Market pressures are forcing companies to invest millions of dollars in business intelligence (BI) architectures, enterprise content management (ECM) systems and decision reporting tools. But often companies ignore the component that is most vital for success: clear, consistent and reliable data. Data is the building blocks of information. If the data in the operation systems and data warehouses is not complete, accurate and consistent, attempts to benefit from the organization's information are going to fail and can even cause damage.
Consider a data warehouse belonging to a bank, importing data from various operation systems, and that contains a duplicate record of the same customer. One record lists a negative balance of $-1,000 for the customer, while another record shows that the customer also has a positive balance of $1.5M. The branch manager who accesses the first record but not the second one can involuntarily cause the loss of this customer. This is a case of record duplication and the inability to recognize the fact that this is the same customer.

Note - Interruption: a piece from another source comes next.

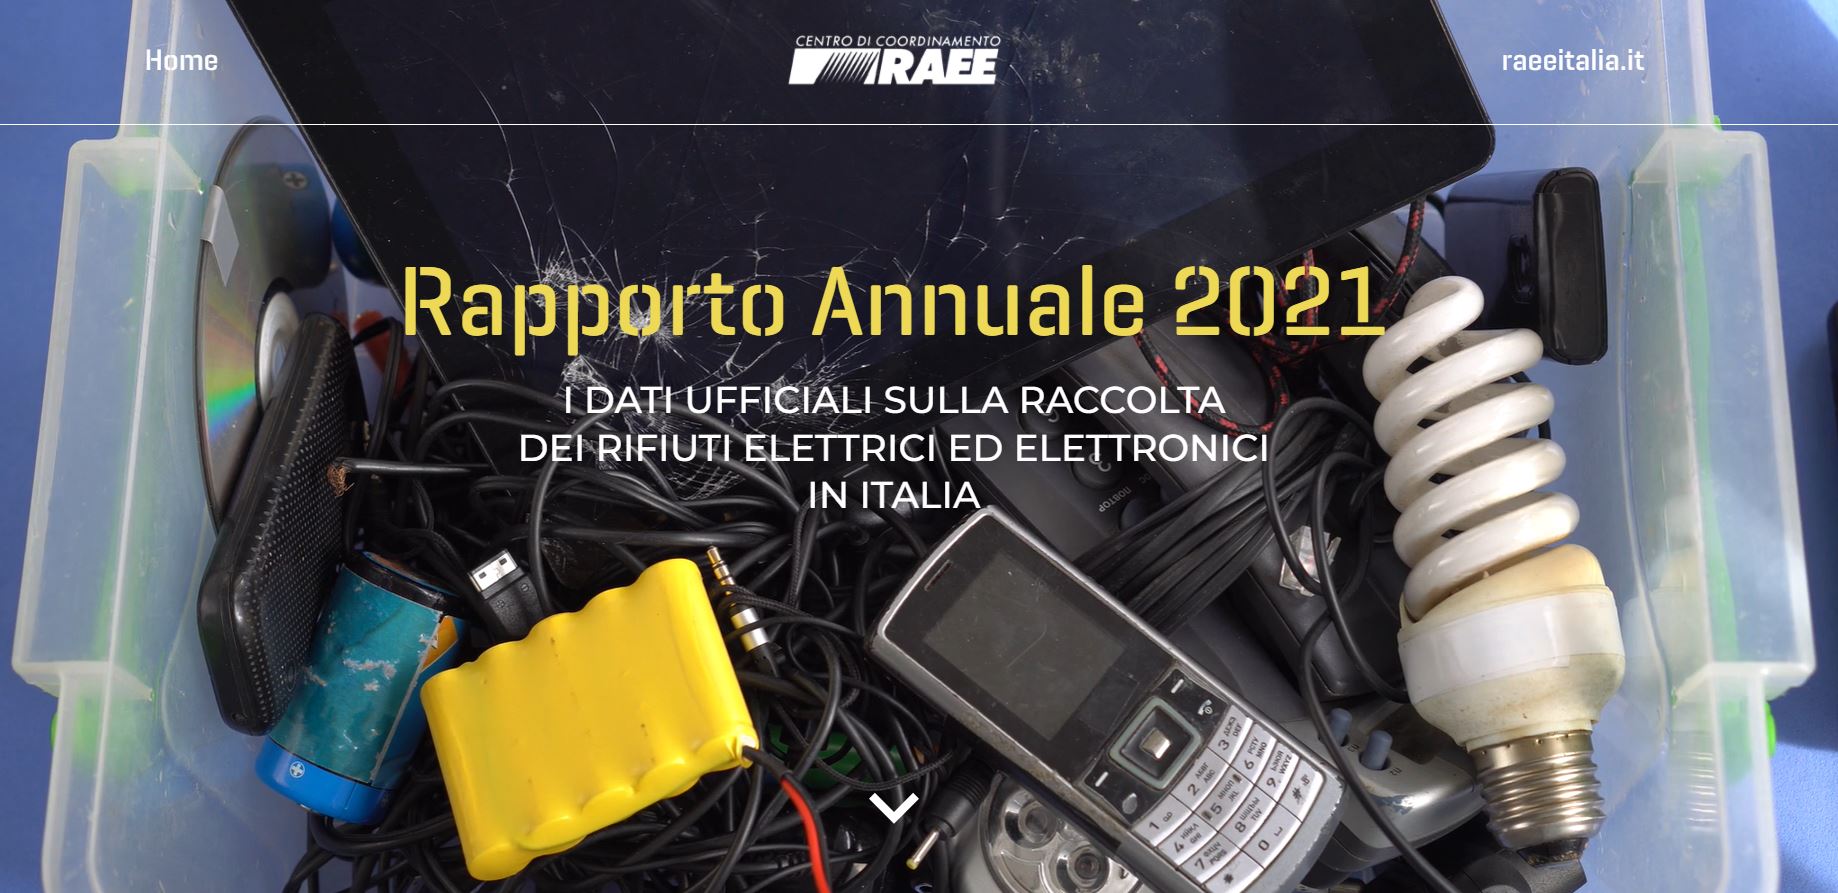 Rapporto-annuale-2021-CDCRAEE
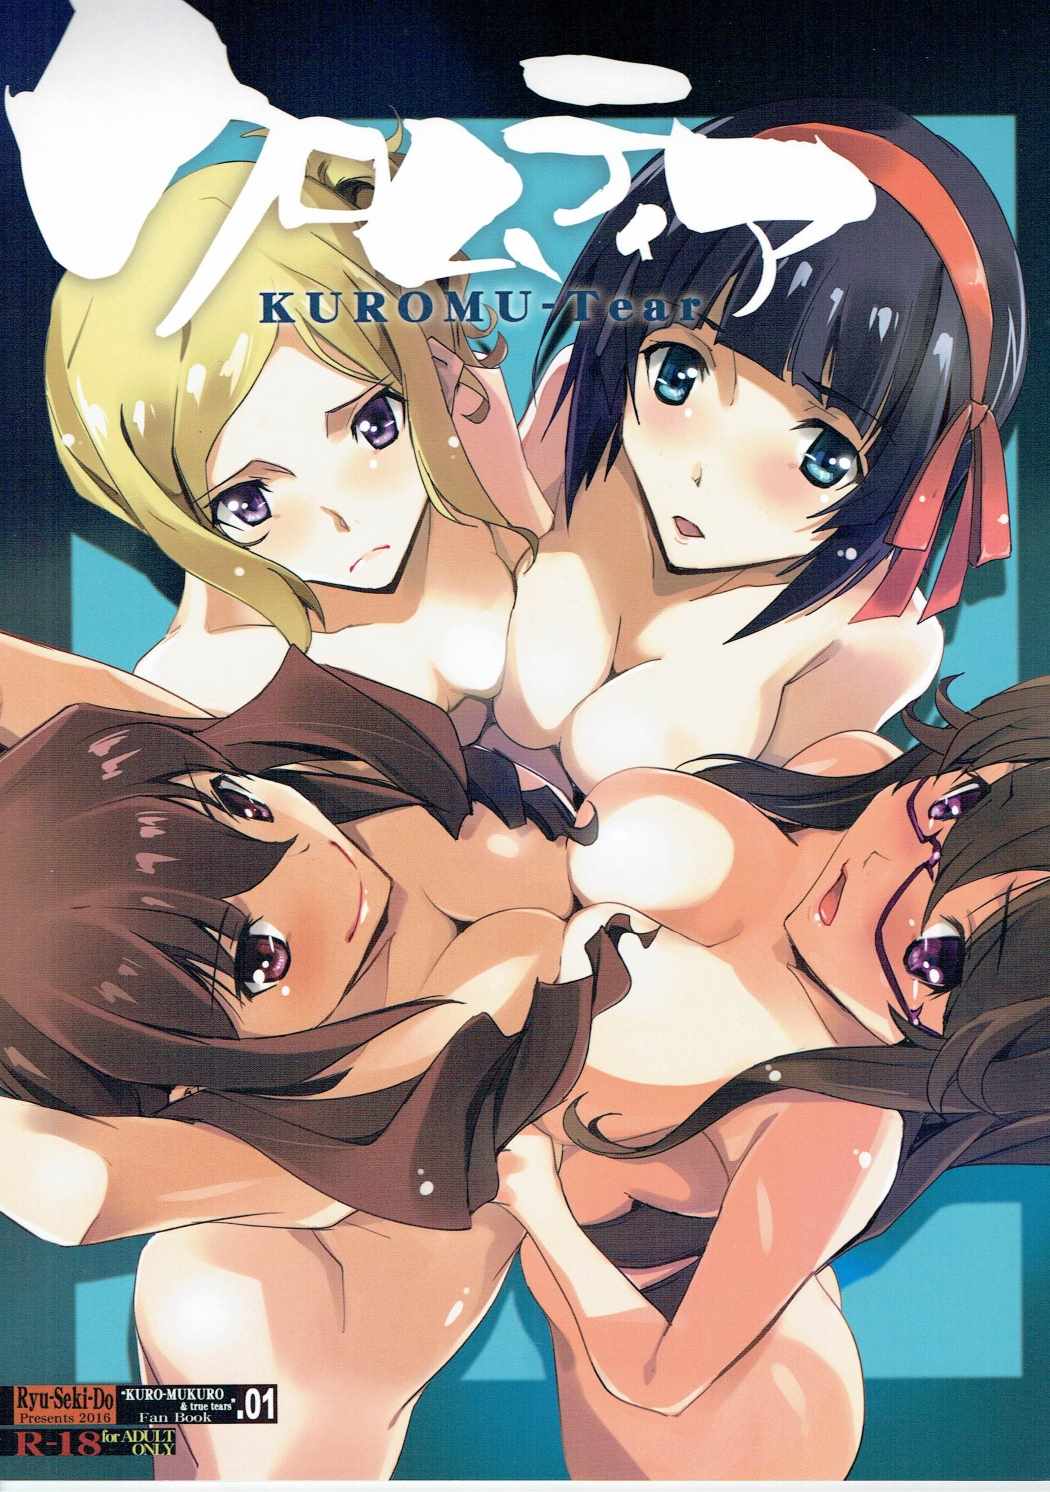 Ladies Naked Arsch Kuromukuro Porn Pix

Decisions Based on Deficient Data
Without high-quality data, decision makers must guess what they should know. Worse, they are liable to make decisions that appear to be informed but are in fact based on deficient data. To work with information and decision support systems that provide reliable and uniform data in real time it is not enough to collect the data and feed it to the BI tools. First, it is important to gain an in-depth understanding of all the aspects of the data and to explore possibilities of improvement before making the data available to a wider group of users. To prevent poor performance of the BI system, it is important to test the quality of the data and verify that it is complete, consistent, up-to-date and accurate.
By strongly emphasizing data quality, organizations can accelerate the development of the architecture of their BI systems; reduce the number of repeat transformations and extractions from the warehouse; report to end users about data quality issues; and eventually increase profits and return on investment in the BI infrastructure.
A data cleansing process of this nature results in a significant reduction in the number of customers and vendors because it eliminates duplicates and outdated records. At times, the reduction in the number of customers, vendors and items reaches 70 percent. Automatic data cleansing tools are used to transfer data from operation systems to the data warehouse in combination with data integration tools, which are intended to transfer the data from the information systems by saving time and costly development resources. An additional benefit of using automated systems is that the monitoring and quality of the data are improved significantly, and decisions are made based on a unified view of each customer as a single entity.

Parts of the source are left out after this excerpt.